Fidelity slashes the value of its Twitter stake by more than half • businessroundups.org

Fidelity, which was among the group of outside investors that helped Elon Musk finance his $44 billion acquisition of Twitter, has cut the value of its stake in Twitter by 56%. The recalculation comes as Twitter navigates a number of challenges, most of them due to chaotic management decisions, including an exodus of advertisers from the network.

Fidelity’s Blue Chip Growth Fund stake in Twitter was valued at approximately $8.63 million as of November, according to a monthly disclosure and Fidelity Contrafund notice. reported today by Axios. That’s less than $19.66 million at the end of October.

Macroeconomic trends are likely to be partly to blame. Stripe took a 28% internal valuation cut in July, while Instacart reportedly took a 75% valuation cut this week.

But Twitter’s post-Musk slack policies clearly haven’t helped matters.

The network has become less stable on a technical level lately, suffering outages on Wednesday after Musk made “significant” changes to the backend server architecture. Twitter recently laid off employees in its public policy and engineering department, disbanding the group responsible for reviewing content moderation and human rights-related issues, such as suicide prevention. And the company drew the ire of regulators after banning — and then swiftly reinstating — accounts of prominent journalists.

On the other hand, as Axios business editor Dan Primack rightly pointed out in a tweet, Fidelity seems to rely heavily on public market performance when it comes to valuations.
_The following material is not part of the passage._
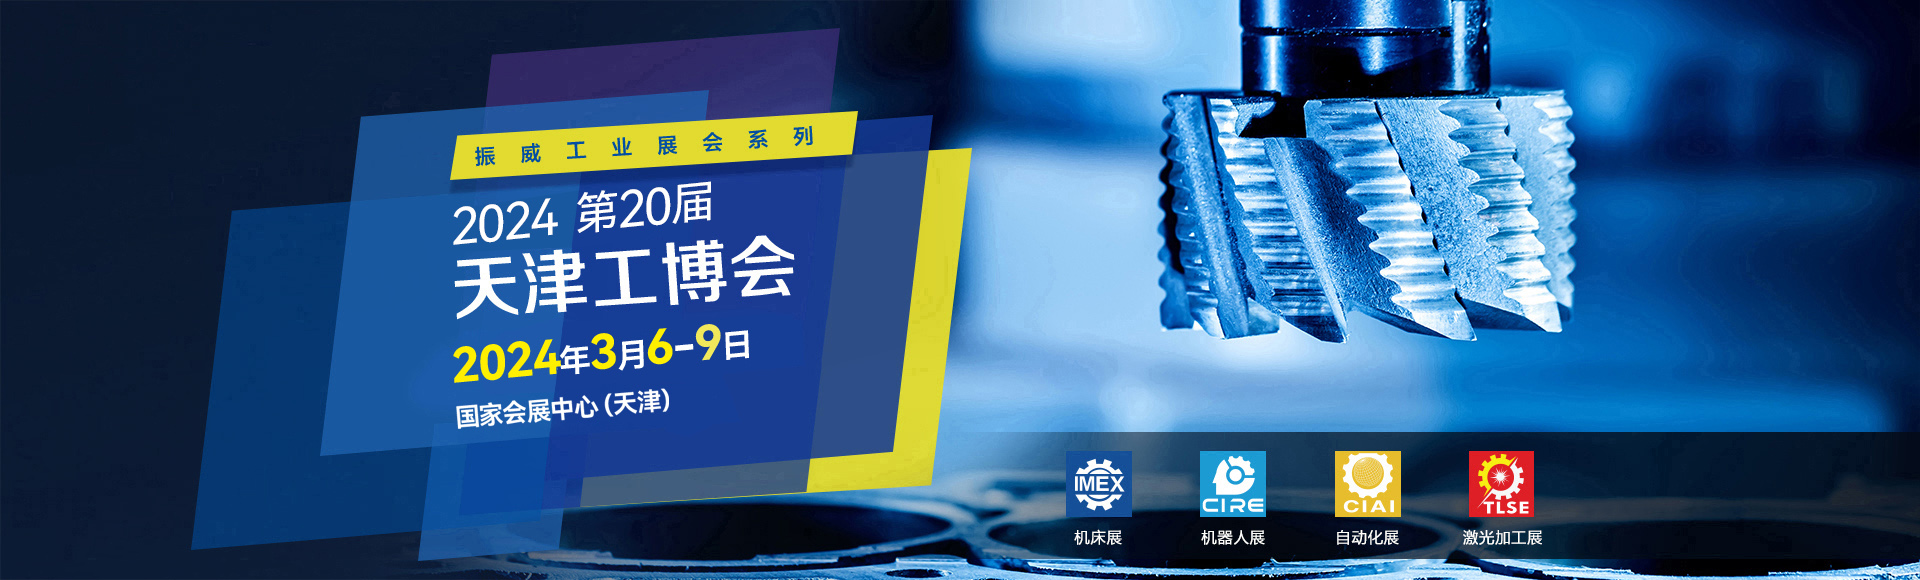 CIE中国天津工业博览会【官网】
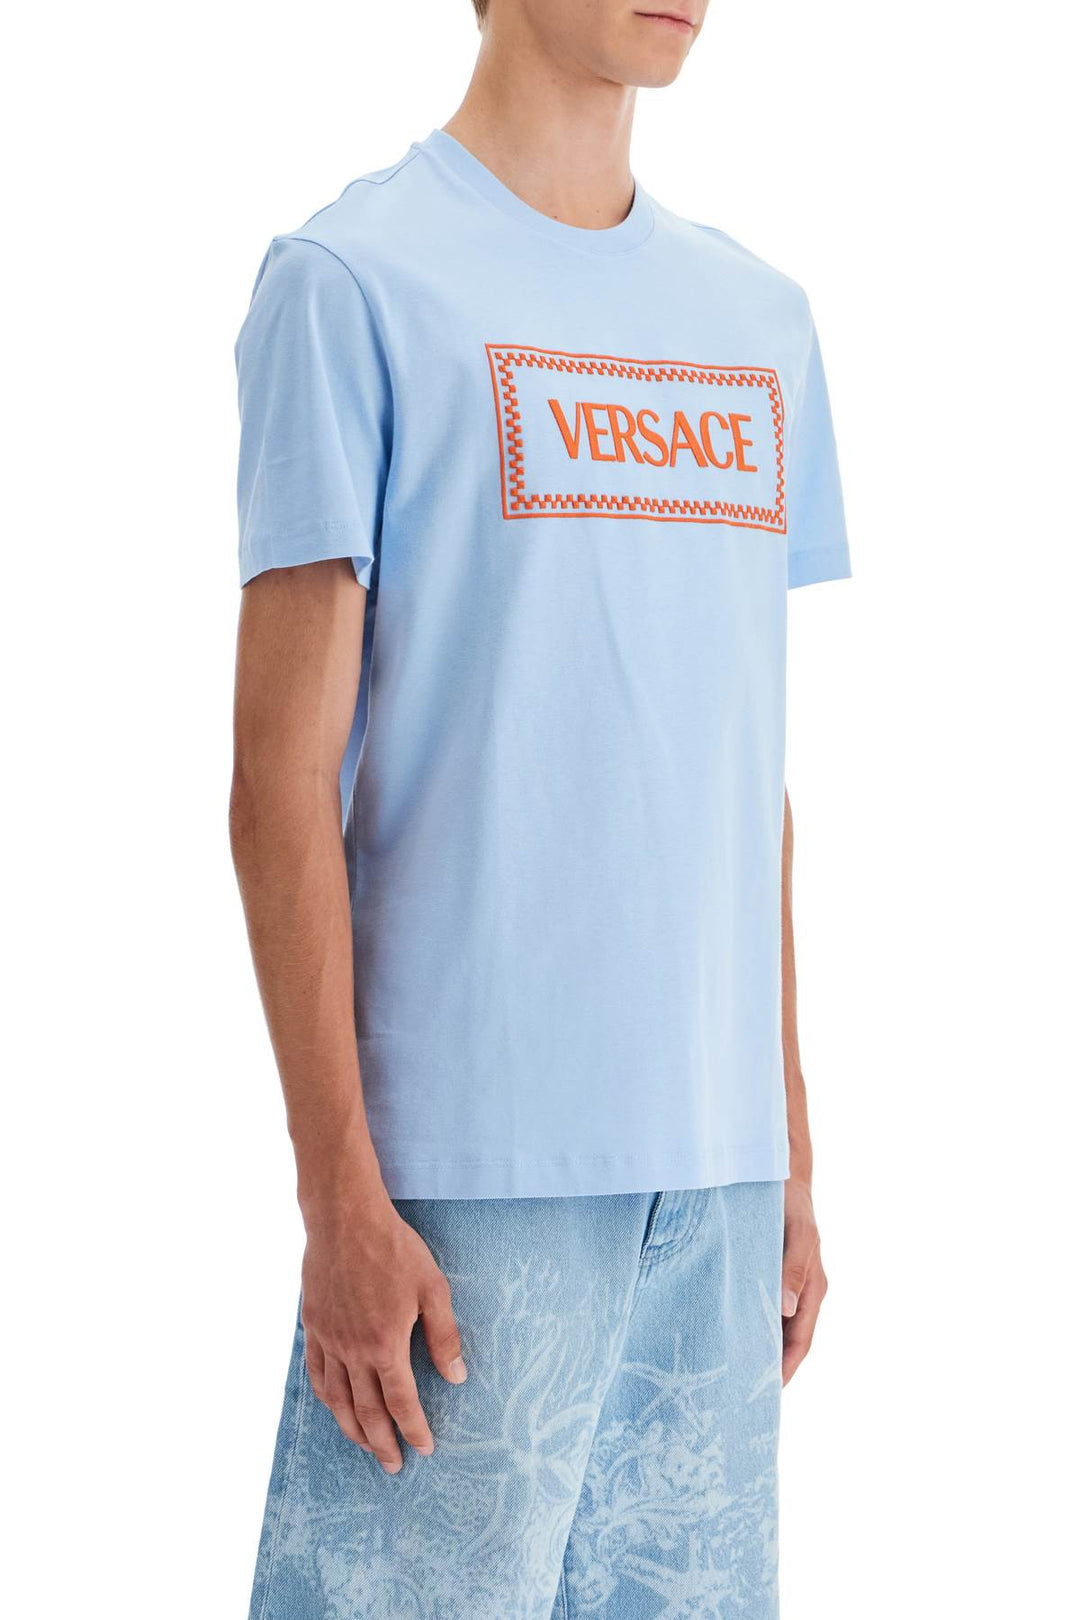 Versace Embroidered Logo T Shirt   Light Blue

It is quite possible that the company has no inside information about Twitter’s financial performance.

Cutbacks at Twitter are in full swing as the company approaches $1 billion in interest payments due on $13 billion in debt, while revenues fall. A November report from Media Matters for America estimated that half of Twitter’s top 100 advertisers, who collectively spent nearly $750 million on Twitter ads this year, appear to no longer advertise on the website. Twitter is pushing its Twitter Blue plan heavily, aiming to turn it into a bigger profit engine. But third party tracking data suggest that it starts slowly.

Some Twitter employees are bringing their own toilet paper to work after the company cuts cleaning services, the New York Times recently reportedand Twitter has stopped paying rent for several of its offices, including its San Francisco headquarters.

Musk has spent the past few weeks trying to cut about $500 million in costs not related to labor by closing a data center and launching a sale after auctioning office supplies in an effort to recoup costs, according to the aforementioned Times report. to deserve.

Separately, Musk’s team has reaches to investors for potential new investment for Twitter at the same price as the original $44 billion acquisition, according to to The Wall Street Journal.

A poll by Musk asking whether he should step down as head of the company closed on Dec. 19 with users voting en masse for his departure. Musk responded several days later, saying he would step down as CEO “as soon as [he found] someone foolish enough to take the job” and then “just run the software and server teams”.